引用本文: 朱駿, 馮穎, 張峰, 袁得峰, 周琪, 金強, 趙達. 晶狀體蛋白αb在結直腸癌組織中的表達及其臨床意義. 中國普外基礎與臨床雜志, 2015, 22(11): 1332-1337. doi: 10.7507/1007-9424.20150348 復制
結直腸癌是目前世界范圍內發病率僅次于肺癌和乳腺癌的第三大惡性腫瘤,每年約有700 000人死于結直腸癌[1]。近年來,隨著我國人們生活方式、工作環境以及飲食結構的變化,加之人口老齡化和環境污染的存在,結直腸癌的發病率和死亡率均呈上升趨勢[2]。由于其發病隱匿,早期癥狀不明顯,因此對結直腸癌的早期診斷及治療仍然缺乏有效的手段,目前仍以根治性手術和晚期化療作為主要的治療方式,但是晚期結直腸癌的5年生存率僅為50%左右,且極易復發和轉移[3]。因此深入了解結直腸癌的進展過程對準確預測高危復發的患者至關重要。

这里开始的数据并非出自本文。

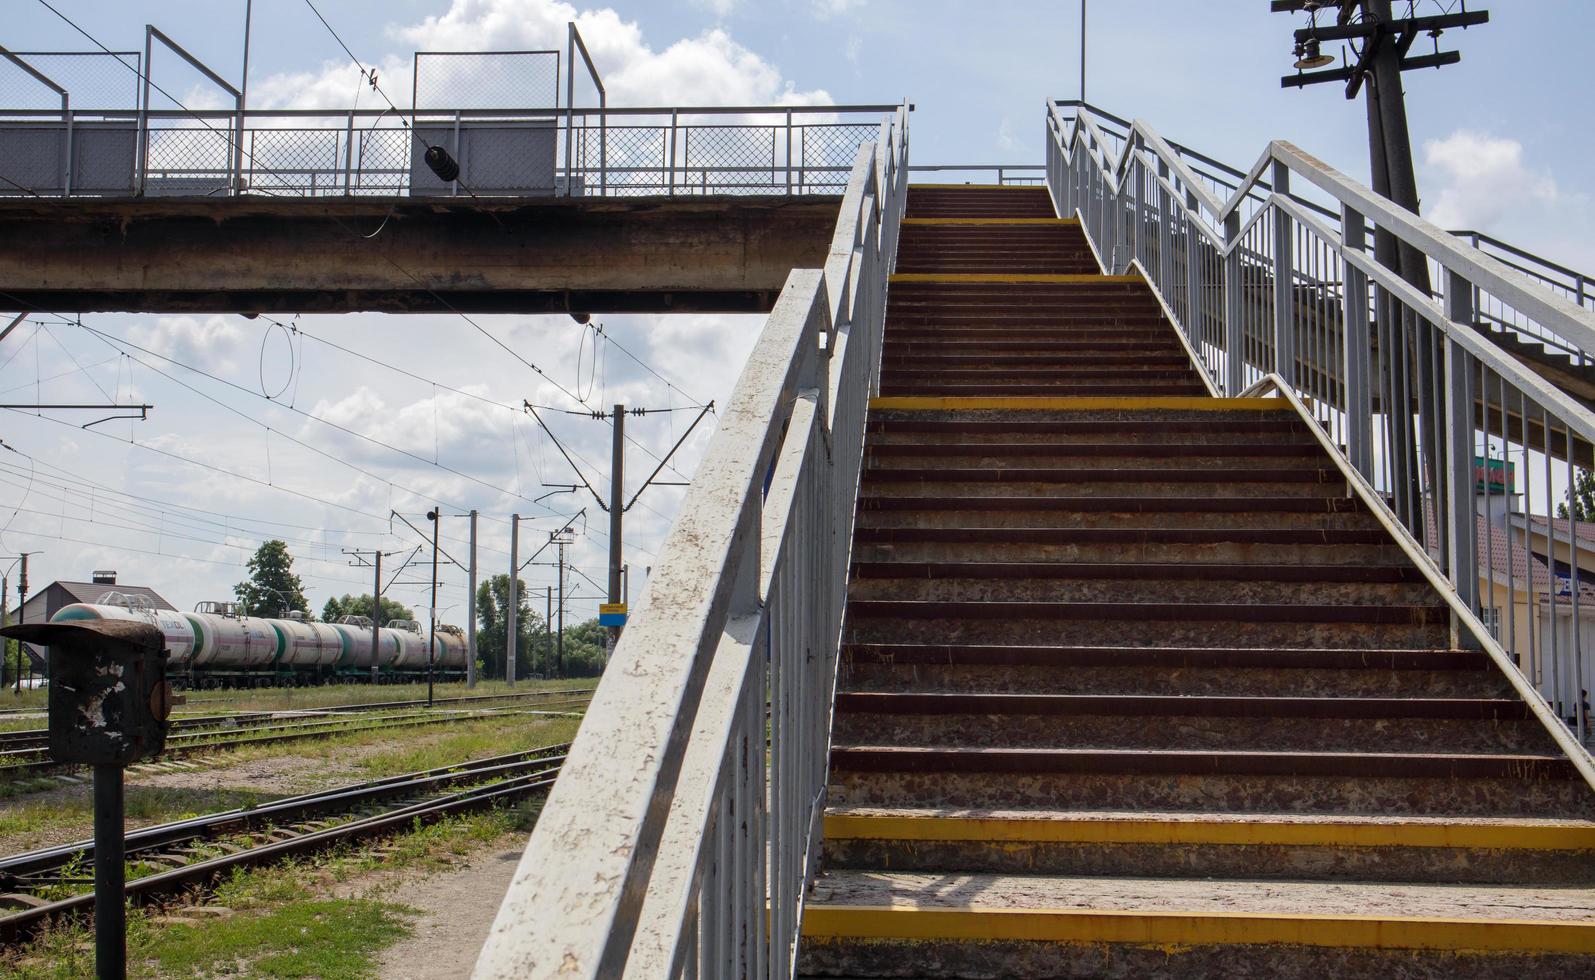 pont de chemin de fer avec marches, avec des marches impressionnantes en perspective. passage piéton aérien. escaliers de pont reliant une plate-forme à une autre à la gare. ukraine, kiev - 19 août 2021. photo

熱休克蛋白是一組高度保守的肽類蛋白質,廣泛存在于多種細胞類型的胞內蛋白,在保護細胞免受外界有害刺激方面發揮重要作用[4]。近年來,小熱休克蛋白在腫瘤發生、發展中的作用越來越受到重視,其在調節細胞周期、分化、凋亡、致瘤性等方面扮演重要角色。有研究[5]發現,小熱休克蛋白在腫瘤細胞中通常高表達。晶狀體蛋白αb(alpha B-crystallin,Cryab)是小熱休克蛋白中的一員,在非小細胞肺癌[6]、頭頸部鱗狀細胞癌[7]和乳腺癌[8]中表達增高,且與預后成負相關,預示其存在潛在的應用價值。Cryab在多種腫瘤中高表達提示Cryab作為一種癌基因,其具有獨特的生物學特性,參與了體內復雜的生理功能活動,故進一步的研究仍非常迫切。然而關于Cryab在結直腸癌中的表達與作用目前國內罕見報道。因此,我們擬對結直腸癌中Cryab的表達及意義進行研究,以期了解Cryab在結直腸癌組織中的表達,并明確Cryab表達與結直腸癌患者臨床病理特征的相關性,從而為結直腸癌的早診早治提供一定的理論依據。
1 資料與方法
1.1 研究對象
收集蘭州大學第一醫院早晚復發(將早復發者定義為行根治術后1年內出現新發病灶,晚復發者定義為超過2年肝內還未出現新發病灶或遠處器官的轉移[9])患者標本10對及蘭州大學第一醫院本部及東崗院區2005年1月至2008年12月期間的100例行根治性手術切除患者的結直腸癌組織及相應癌旁組織,并經HE染色病理證實為結直腸癌組織。收集患者的臨床病理特征相關數據,包括年齡、性別、腫瘤大小、腫瘤數目、TNM分期、分化程度、淋巴結轉移及浸潤深度。所有病例均有完整隨訪資料,隨訪截止日期為2012年12月。總生存時間指從接受手術時間至隨訪時間所觀察到的存活時間,無瘤生存時間是指從手術日期到復發轉移的時間。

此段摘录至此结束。